A number of RDC genes, for example, the neurexins (Treutlein et al. 2014), are thought to produce numerous isoforms via differential RNA processing. Beyond such a diversification mechanism, we propose that RDC-based recombination, by generating exon deletions, might “hard-wire” expression of variant RDC products in NSPCs and, thereby, contribute to neural diversity. Our current findings suggest that such putative activities would occur in NSPCs and the products of recombination events would be carried on into mature neurons; in this regard, the process would be somewhat analogous to V(D)J recombination. However, the actual exon shuffling mechanism we propose would be more similar to IgH CSR, creating different isoforms of the protein rather than creating new exons (Fig. 1). In this scenario, the evolution of long, neural genes that are largely comprised of intronic sequences into which are embedded small exons (Smith et al. 2006) could have evolved to provide large target introns for more random stress-associated DSBs in NSPC development. This would be a different solution to the problem of targeted exon shuffling than that employed by CSR, in which DSBs are introduced into specialized intronic switch region sequences (Fig. 1). Whether or not the processes that generate RDC genes are specialized to the neural lineage will require further investigation, as will the question of whether enhanced replication stress at the stem and progenitor development stages during neural development could, via an RDC-based mechanism, contribute to neural disease.

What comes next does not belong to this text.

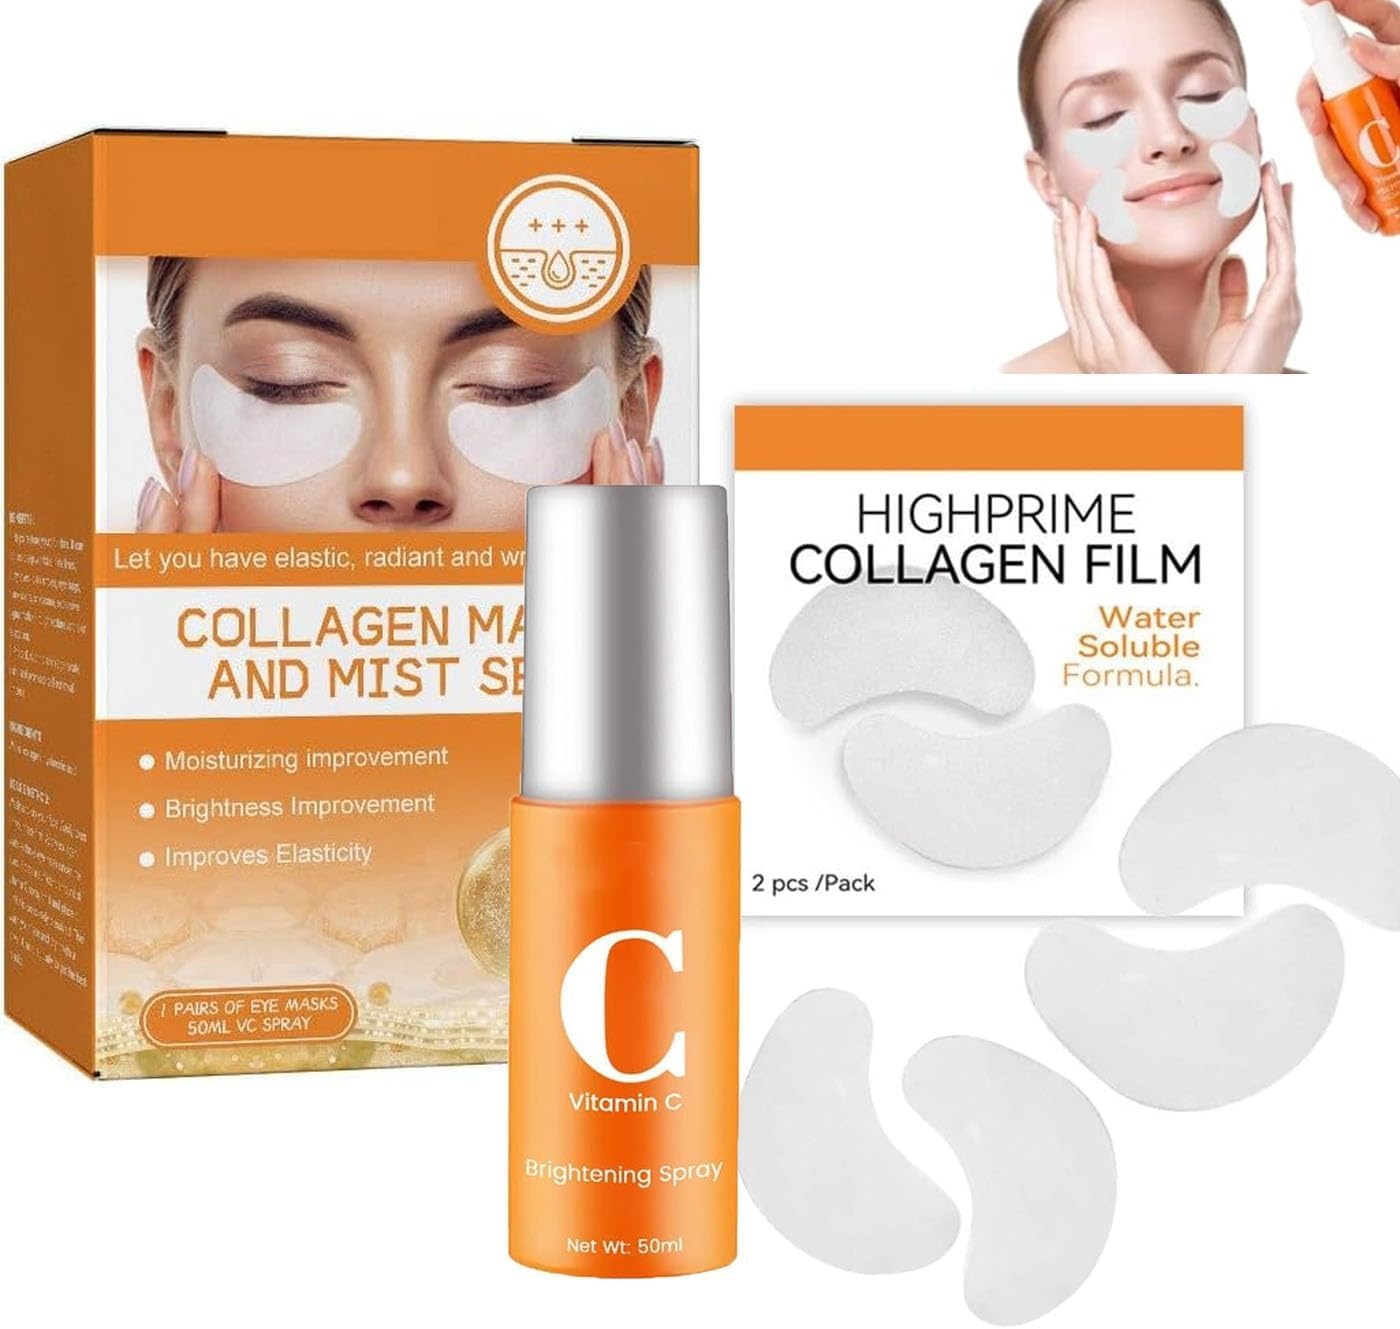 Korean Technology Soluble Collagen Film, High Prime Collagen Film and Mist, Collagen Film & Mist Kit, High Prime Collagen Film Face Mask Suitable for All Skin Types (1set)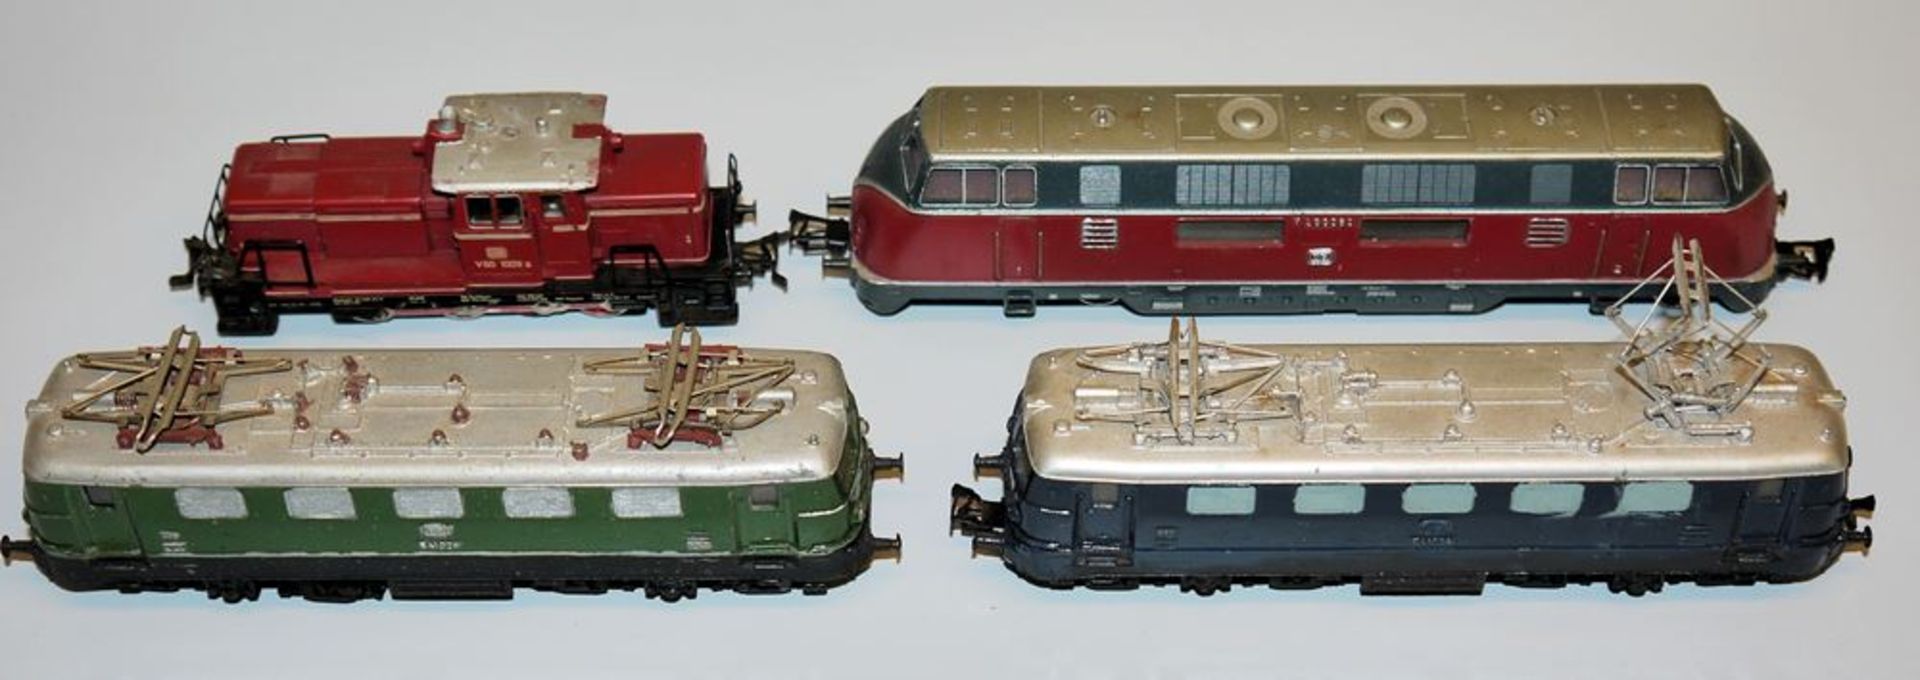 Vier Loks der Firma Märklin, Eisenbahn Modelle 3065, 3021, 2x 3034

RDCs also potentially provide a mechanistic basis for many common fragile sites and certain CNVs, which may result from transcription/replication collisions in generating DSBs or other lesions (Glover and Wilson 2016; Wei et al. 2016). Two NSPC-RDC genes, CDH13 and NRXN3, are within recurrent CNVs in human MBs (Northcott et al. 2012; Rausch et al. 2012) and several candidate RDCs lie proximal to mouse N-myc (Wei, Schwer and Alt, unpublished data). It is possible that RDCs contribute to recurrent genomic variations we and others have found in MBs (Yan et al. 2006), which may offer a mechanism to support the speculation from long ago that proximal, recurrent DSBs during neuroblast differentiation contribute to N-myc amplification in human neuroblastomas (Kohl et al. 1983). A number of the 27 identified NSPC RDC-genes undergo somatic genomic rearrangements, including deletions, amplifications, and translocations in various types of cancer (see Wei et al. 2016), and some undergo CNVs in embryonic stem cells and fibroblasts (Wilson et al. 2015; Glover and Wilson 2016). Our HTGTS analysis of additional cell types could identify potential spontaneous or replication stress-induced RDCs in other cell types and, more generally, could shed light on the mechanisms underlying the genetic variations in a range of cancers.